[Provided data]
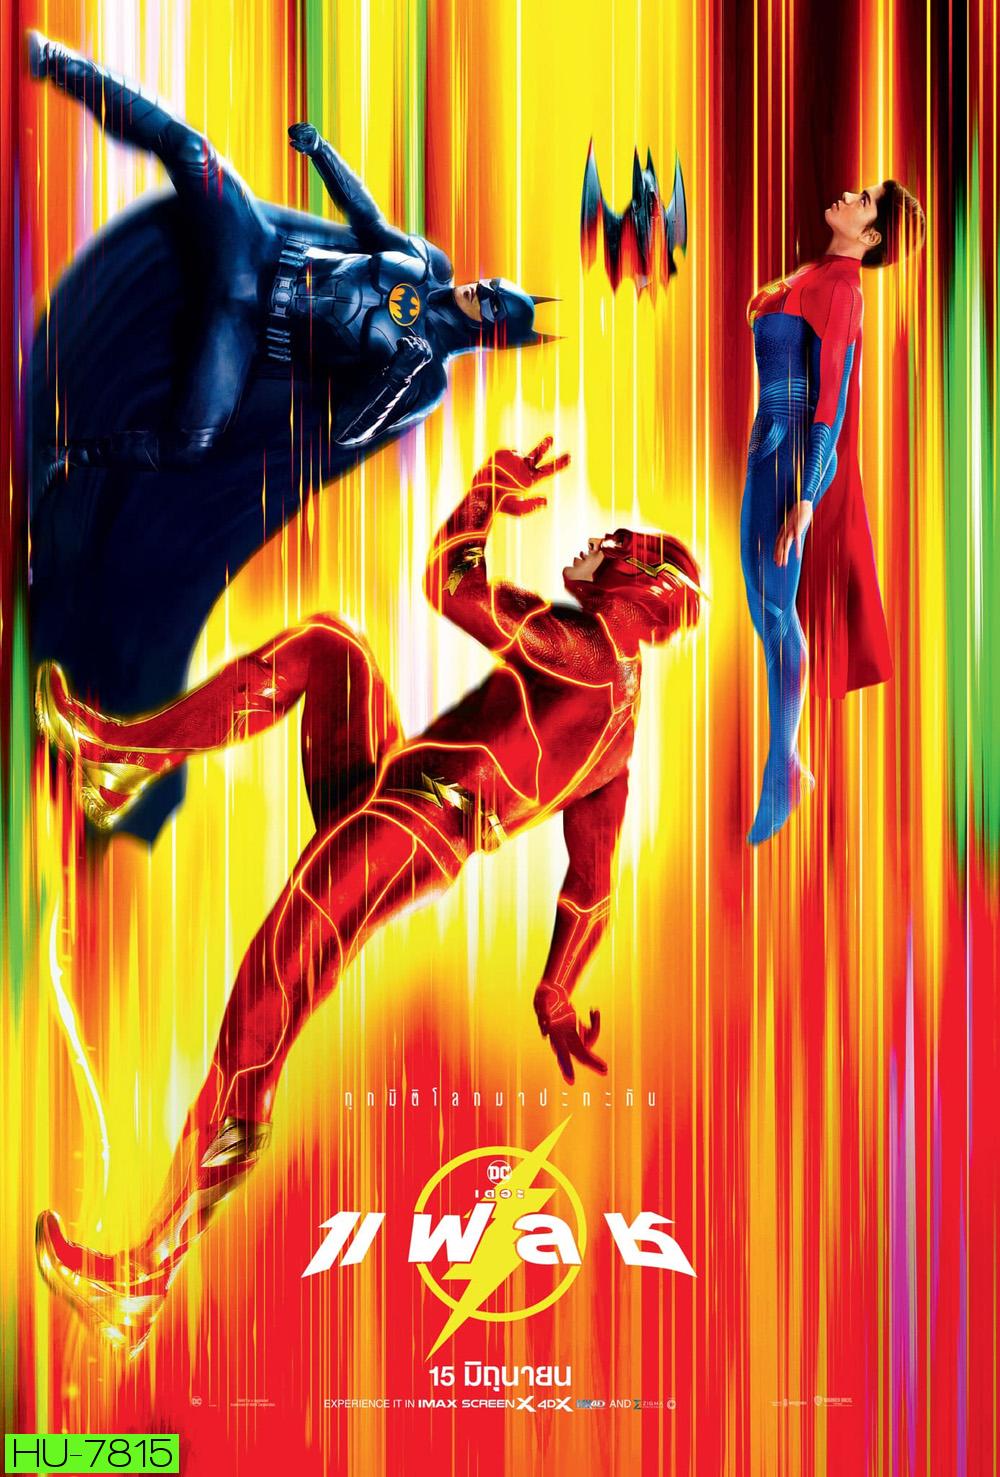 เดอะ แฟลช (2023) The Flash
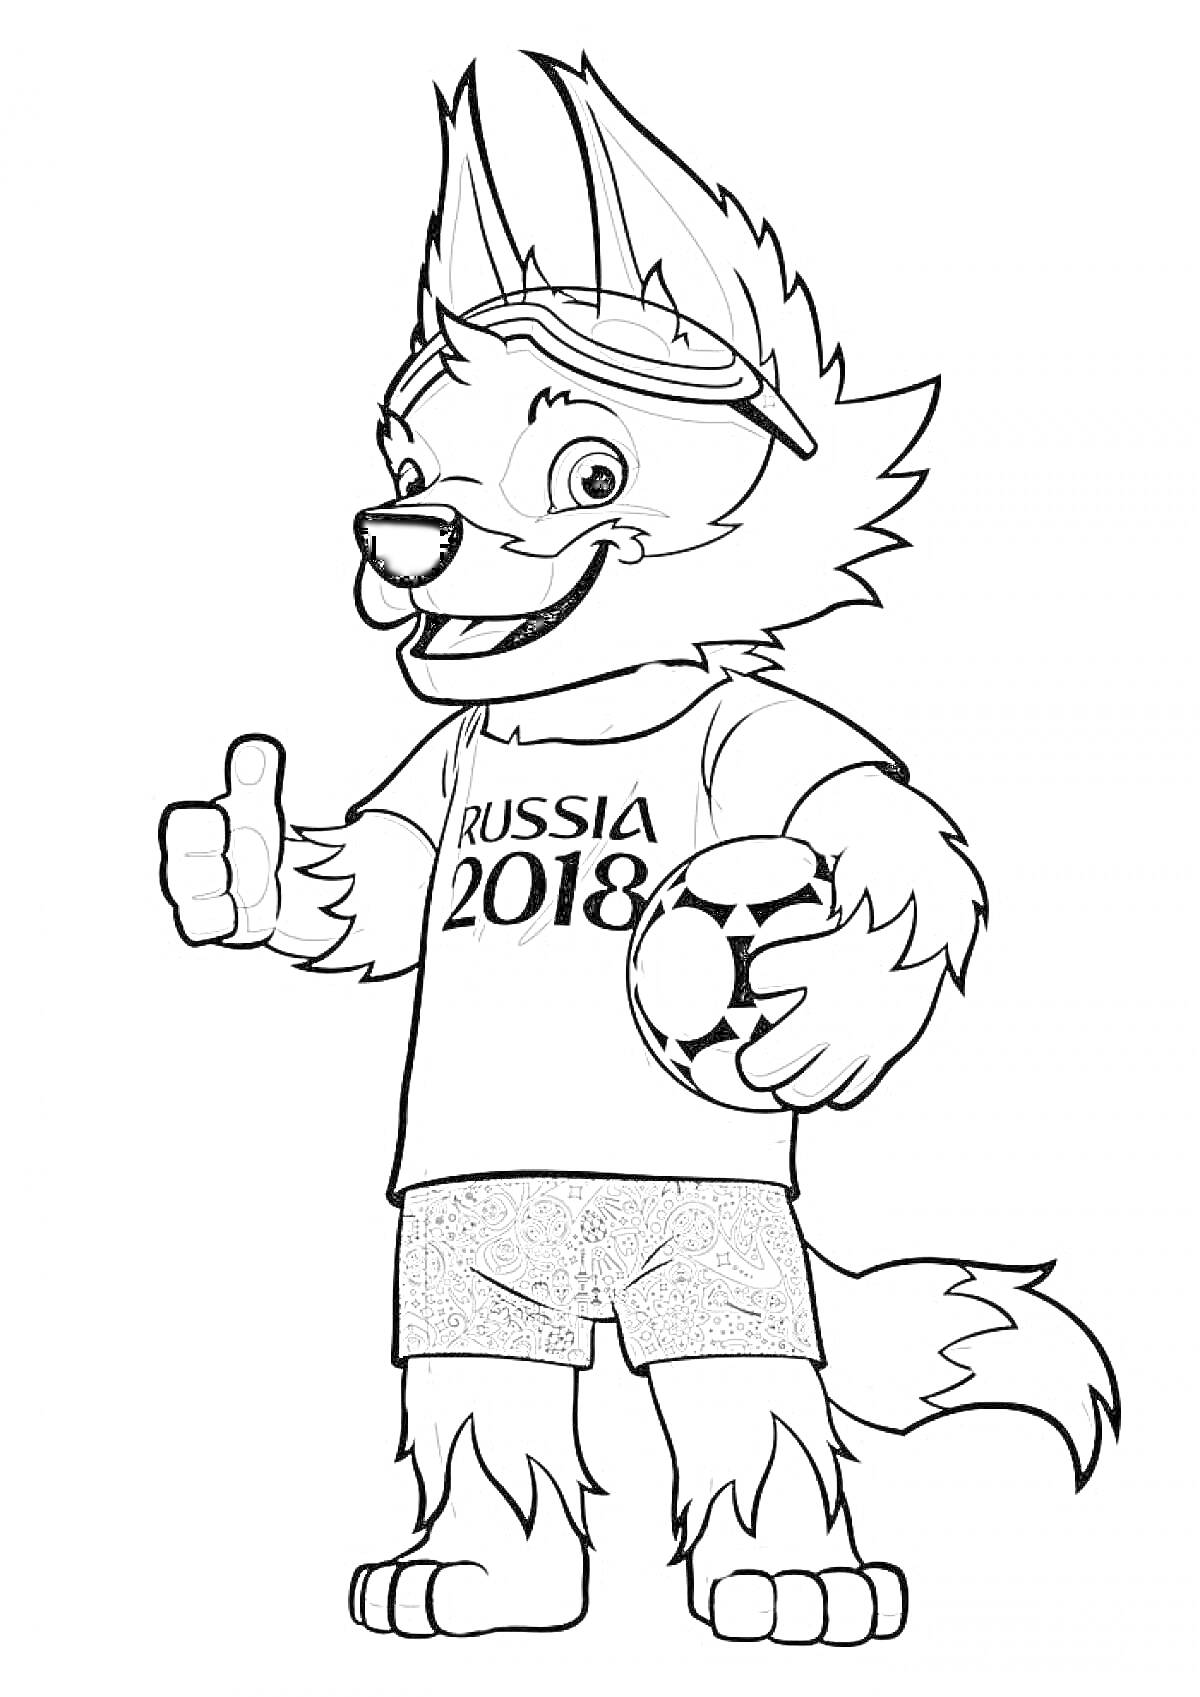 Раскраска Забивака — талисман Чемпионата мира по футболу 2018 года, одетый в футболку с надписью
* * *
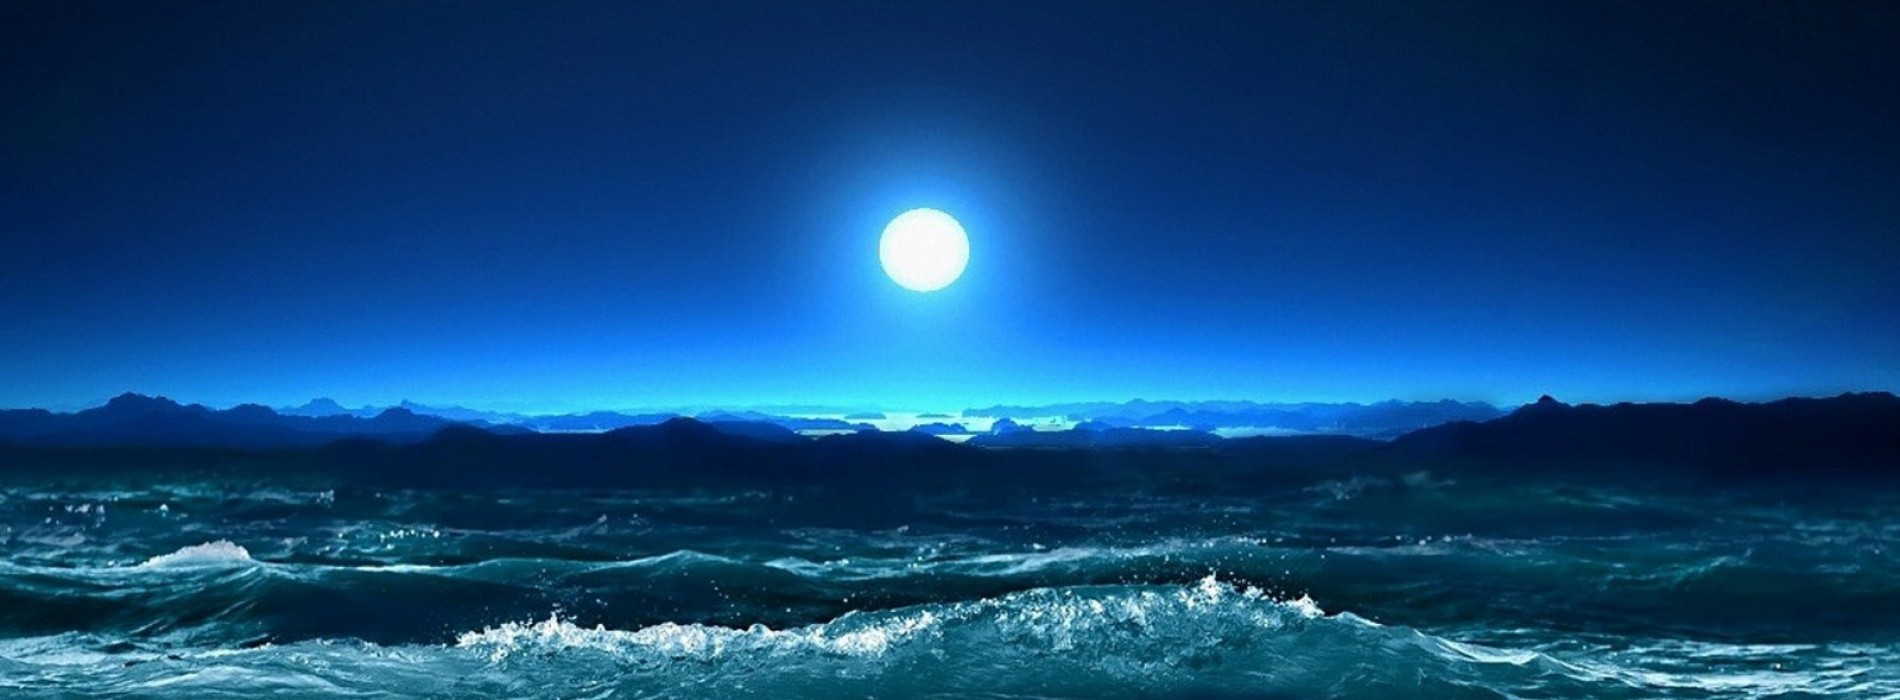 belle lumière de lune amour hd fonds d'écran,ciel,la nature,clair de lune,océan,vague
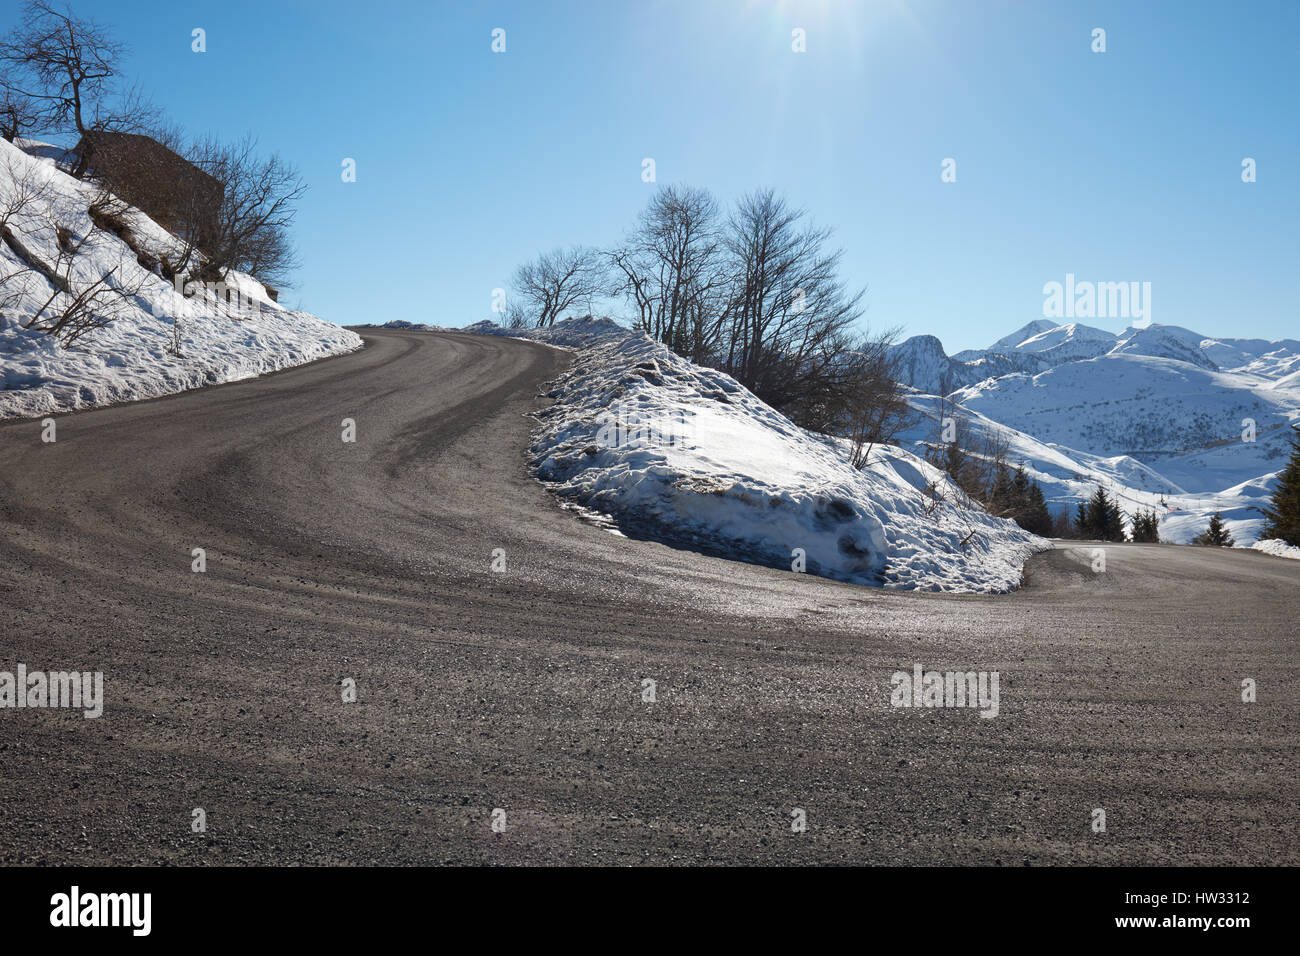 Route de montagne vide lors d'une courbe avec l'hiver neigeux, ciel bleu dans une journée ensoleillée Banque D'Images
---
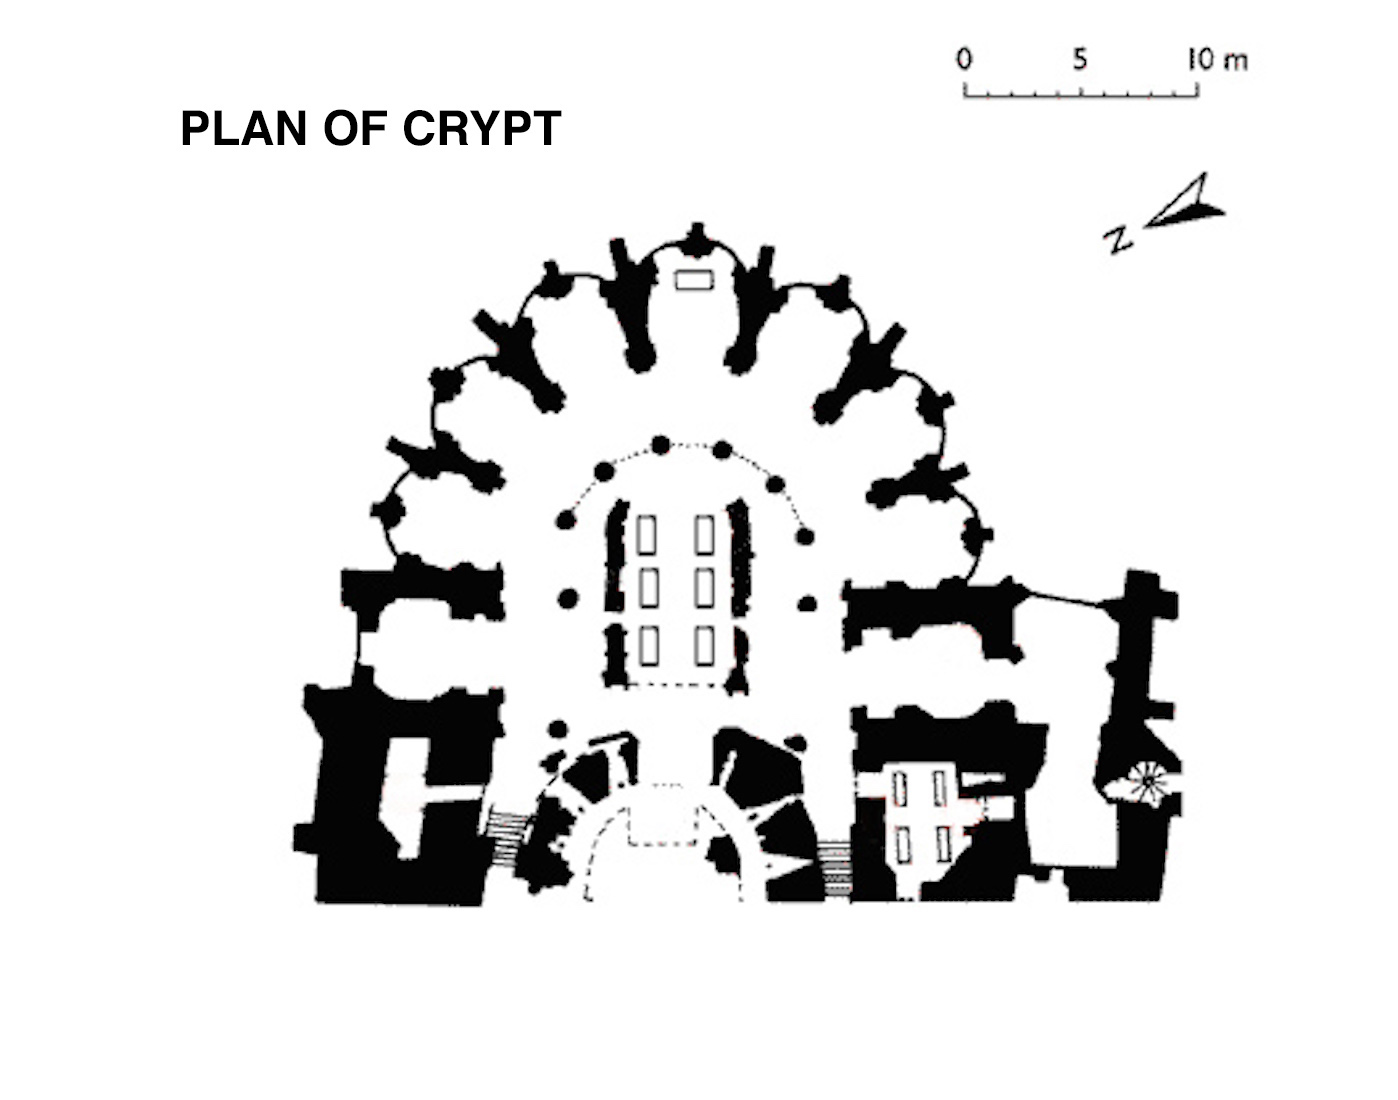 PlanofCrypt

[Task description]
Copy needed, without pictures: the lines of the listing above from the line containing "เดอะ แฟลช (2023) The Flash" up to and including the line containing "Раскраска Забивака —", set down exactly.

[Response to the exercise]
 เดอะ แฟลช (2023) The Flash
 Раскраска Забивака — талисман Чемпионата мира по футболу 2018 года, одетый в футболку с надписью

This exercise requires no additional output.